Last year, palm oil export was highly biased toward the upstream and midstream segments, with total contribution to the overall industry at 74%, while downstream contribution came in low at 17%, says Ku.
Pemandu sees big potential in the downstream segment where production provides a more lucrative per unit revenue stream at about 41% higher than the output from the upstream sector.
“It is clear that future revenue from the palm oil sector must come from the downstream side and we cannot be too dependent on the upstream portion.
“If the industry continues to rely on the upstream revenue then we will face a lot of challenges and we cannot get the high-income target as the value-added content is not there,” Ku tells StarBizWeek in a recent interview.
The industry trends today indicate that margins for certain palm oil downstream projects such as agro-chemicals and bio-lubricants can go up to as high as 35%.
A venture in downstream is often capital intensive especially if it involves acquiring new technologies.
To encourage further downstream investments, the Government has disbursed capital expenditure incentive grants (under the Entry Point Project 6, or EPP6) since 2011 to companies that are interested to embark further on palm oil downstream ventures.
The grants also help to alleviate the risk, and boost investors’ confidence, and so far have been disbursed for production of higher value-added palm oil derivatives such as surfactants, agro-chemicals, bio-polyols, bio-lubricants, glycerol derivatives and bio-based chemicals.
The same incentive is also given to investments in the production of palm phytonutrients such as tocotrienols and carotenes.
Director of MPOB’s advanced oleo-chemical technology division Dr Hazimah Abu Hassan says oleo-chemicals are mainly derived from palm kernel oil and are used very frequently in our lives daily.
“We start our day with surfactants such as toothpaste and shampoo. Derivatives such as surfactants are a major portion of the oleo-chemicals industry and they are also used in various products such as emulsifiers, personal care and also to improve the performance of some insecticides and herbicides.
“Bio-lubricants can also be used to make greases or hydraulic oils and so on, while bio-polyols can be used in sitting foams, bedding materials, furnitures and non-foam products such as coatings,” she adds.
The key industries that depend on palm oil derivatives as important raw materials indicate the urgency for the country to produce them in a sustainable manner. The grants by the Government and further investments from the private sector would facilitate this.
The grants are structured in a way where the private sector commits a certain amount of investment. This is given on a reimbursable basis where companies need to invest first before making claims on the grant.
A total of RM492mil have been allocated between 2011 and 2014 while the aggregate grant disbursed to-date is approximately 42% of total grants which have been committed. Investments from the private sector since 2011 amounted to RM1.786bil, with about RM1.331bil anticipated for this year.
“We still have not seen any commercial production from these projects, except for one which has started production. So it is not reflected in our export figures (for 2013).
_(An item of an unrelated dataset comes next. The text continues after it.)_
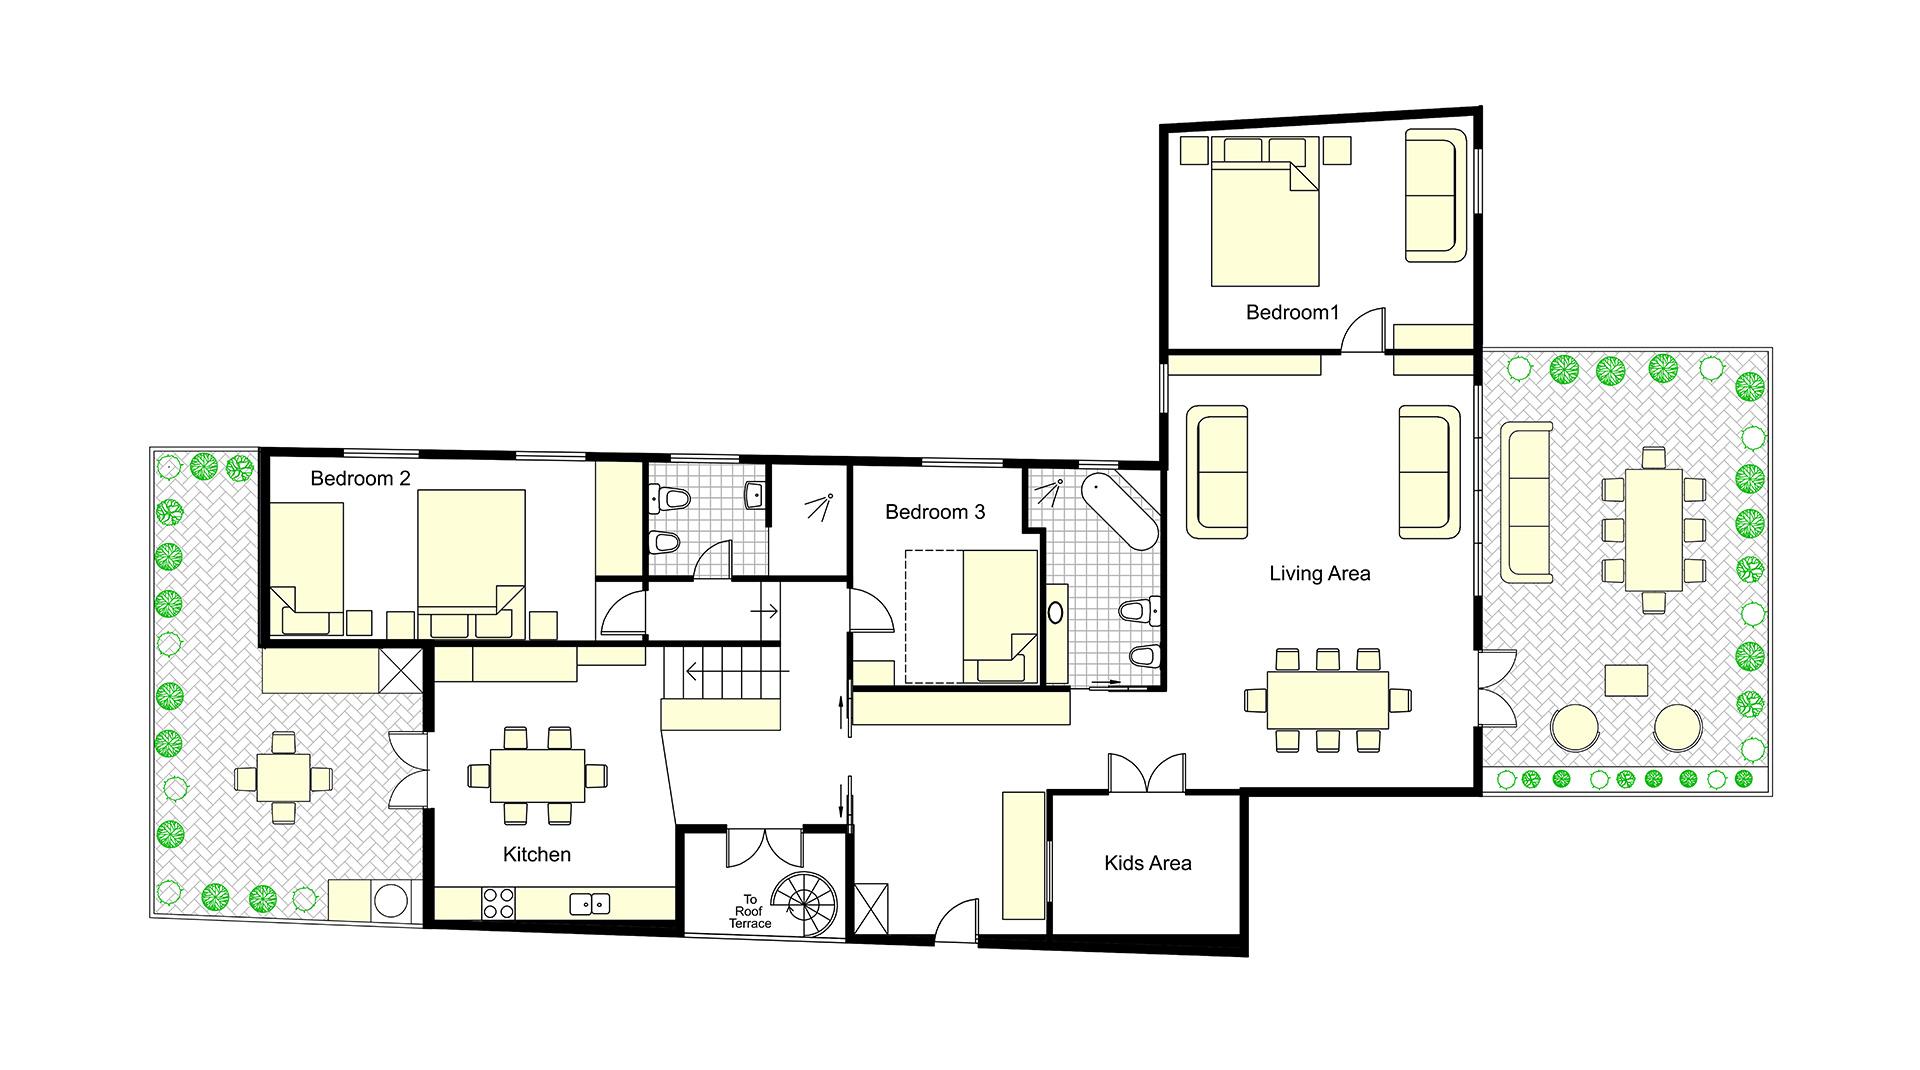 Donizetti Dream Floorplan
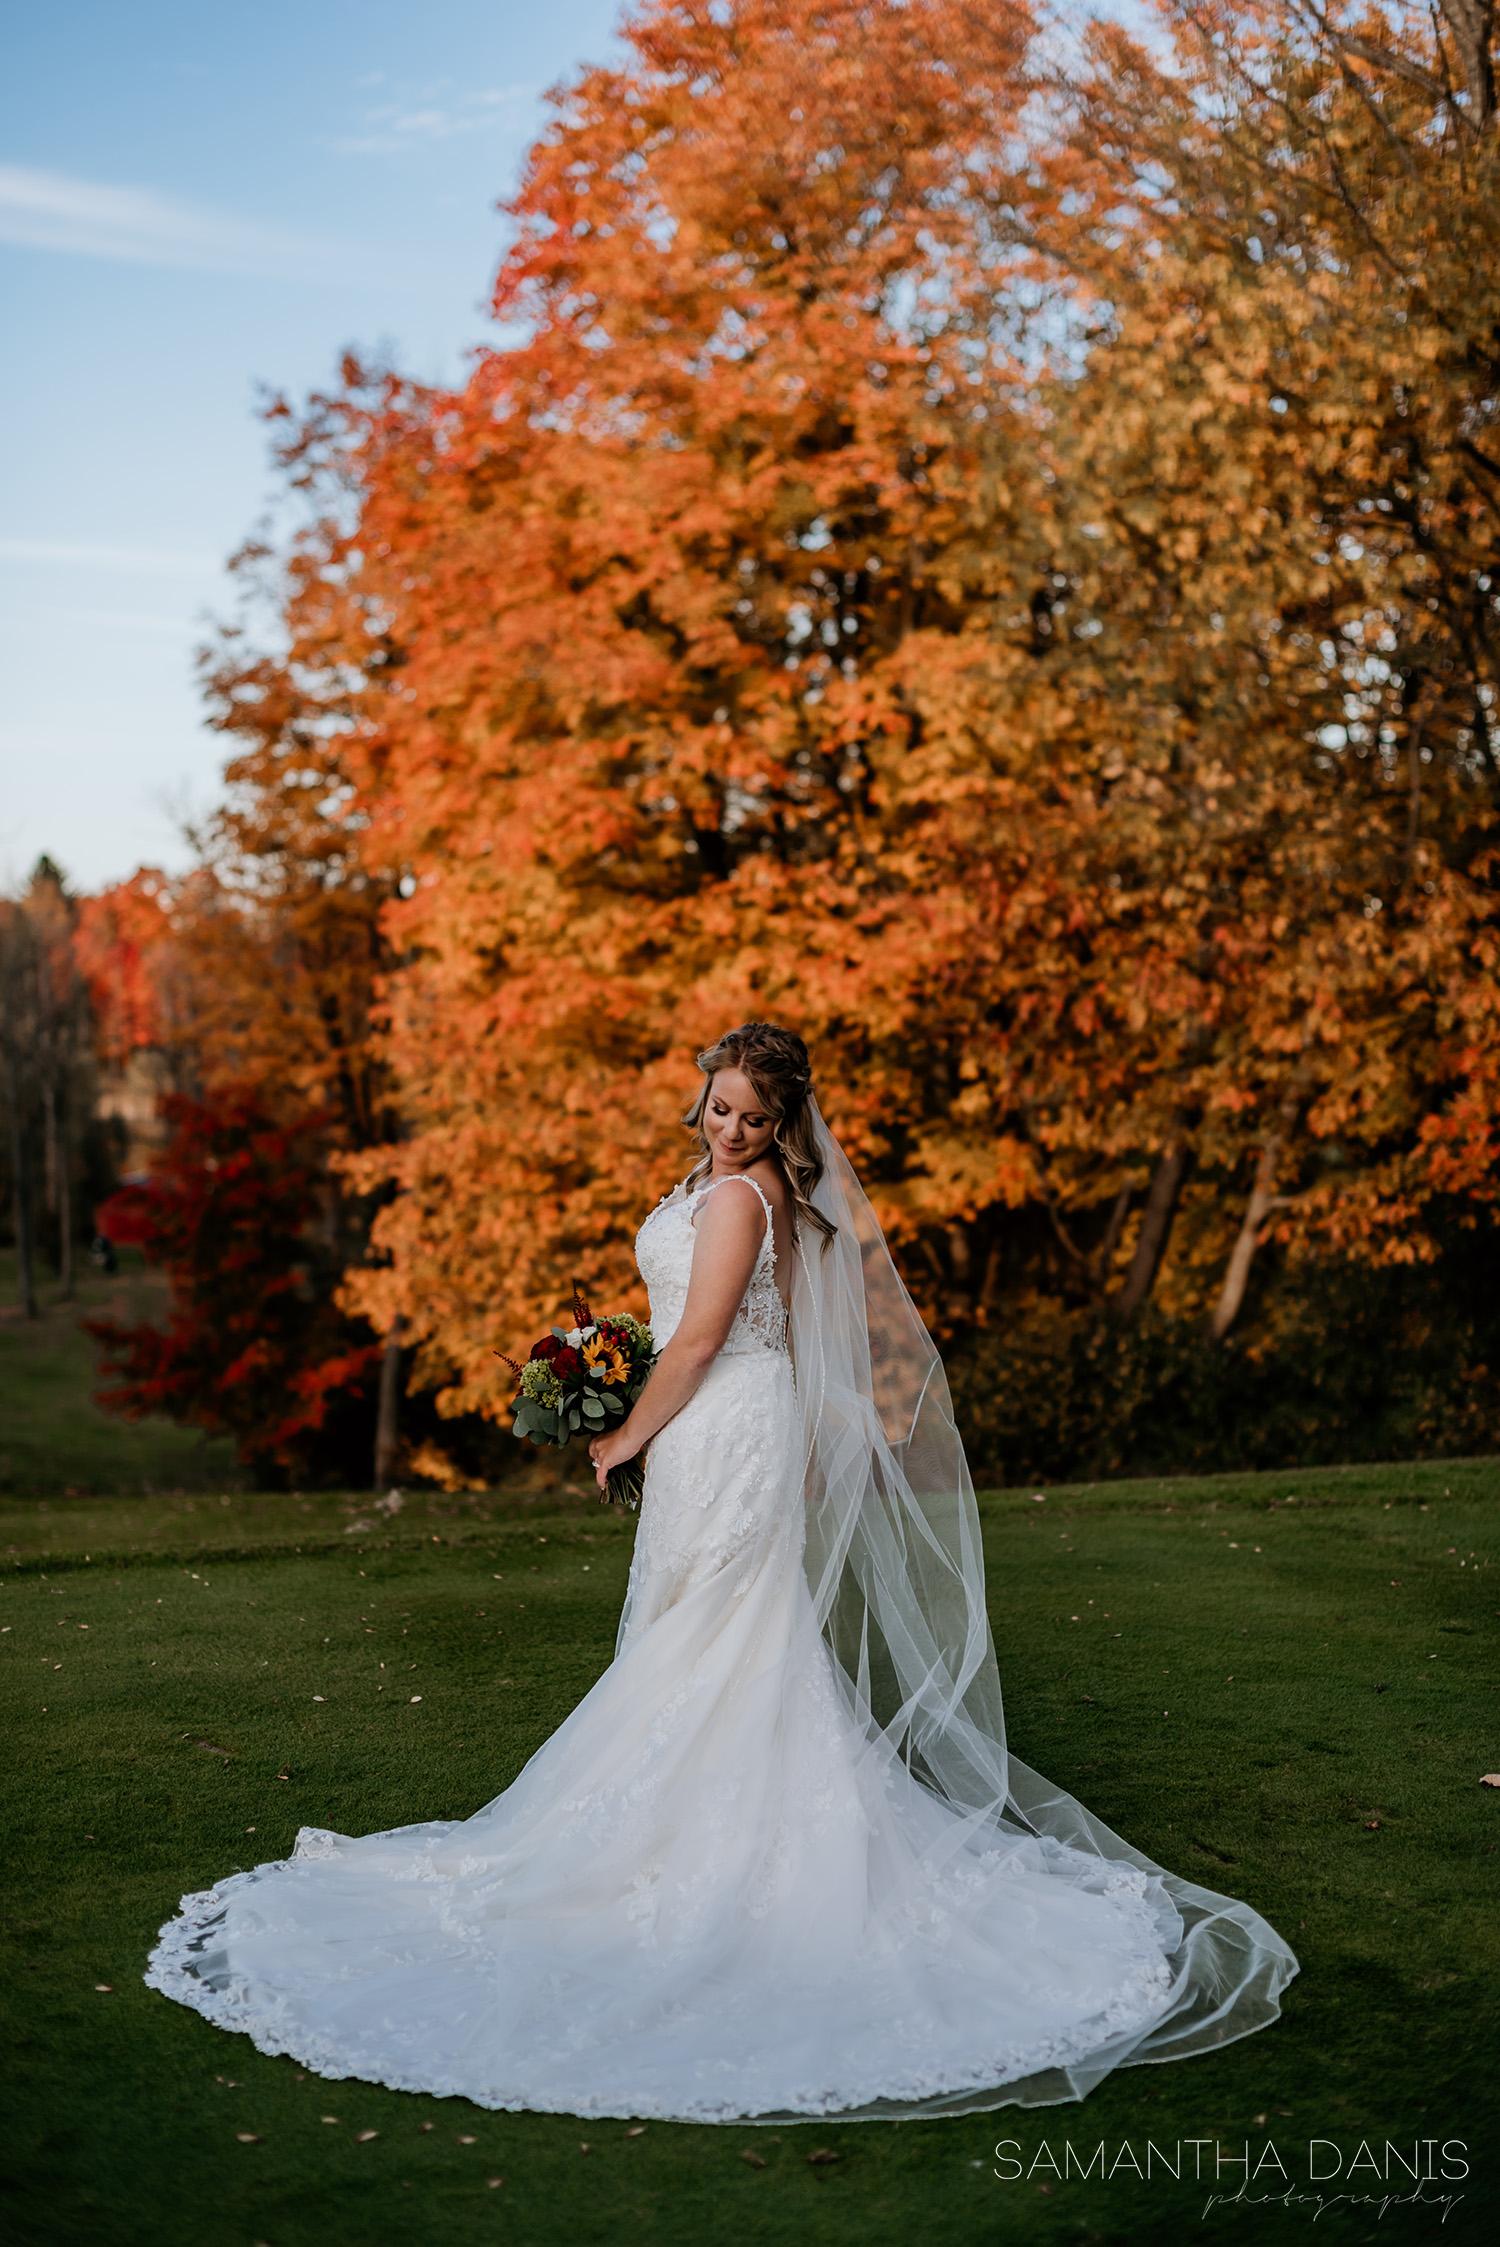 Steph & Chris Loch March Fall Wedding Samantha Danis Photography Ottawa

“In spite of this, the growth of oleo-derivatives (higher value added) is already outpacing the growth in basic oleo-chemicals because of higher private investments,” Ku says.
Between 2008 and 2013, the compounded annual growth rate (CAGR) for total export revenue in oleo-derivatives grew by 7.14%, while basic oleo-chemicals shrunk by 0.09%.
The CAGR’s export revenue per metric tonne growth rate for oleo-derivatives declined 0.49% while basic oleo-chemicals saw growth declining at a higher rate of 4.92%.
“When production from the EPP6 investments kicks in, we will likely see growth for oleo-derivatives (per metric tonne) move into positive territory. Next will be the export revenue being in positive territory (for growth) as well,” Ku says.
“When you are vertically integrated, you are able to benefit from CPO market dynamics in both ways. Right now, if you are only in upstream and if CPO prices go down then you have no way out of it.
“But if you are in downstream then you will also benefit from the low feedstock prices as well as cheaper input costs,” he adds.
Pemandu, the agency tasked with implementing the Government’s transformation plans, notes that Indonesia as the world’s largest palm oil producer had also actively embarked on developing their intermediate downstream industries.
“Indonesia has a lot of refineries coming up in the last two years as it has imposed a significantly heavier export tax structure than Malaysia.
“This move has created an incentive for refineries in the republic to process CPO into fatty esters and alcohols, which in turn has brought in a lot of investments in palm oil refining activities there,” says Ku.
Ku points out that Malaysia is still ahead of Indonesia in terms of higher value-added production of more refined oleochemical products down the value chain, and needs to continue leading the industry for competitiveness purposes.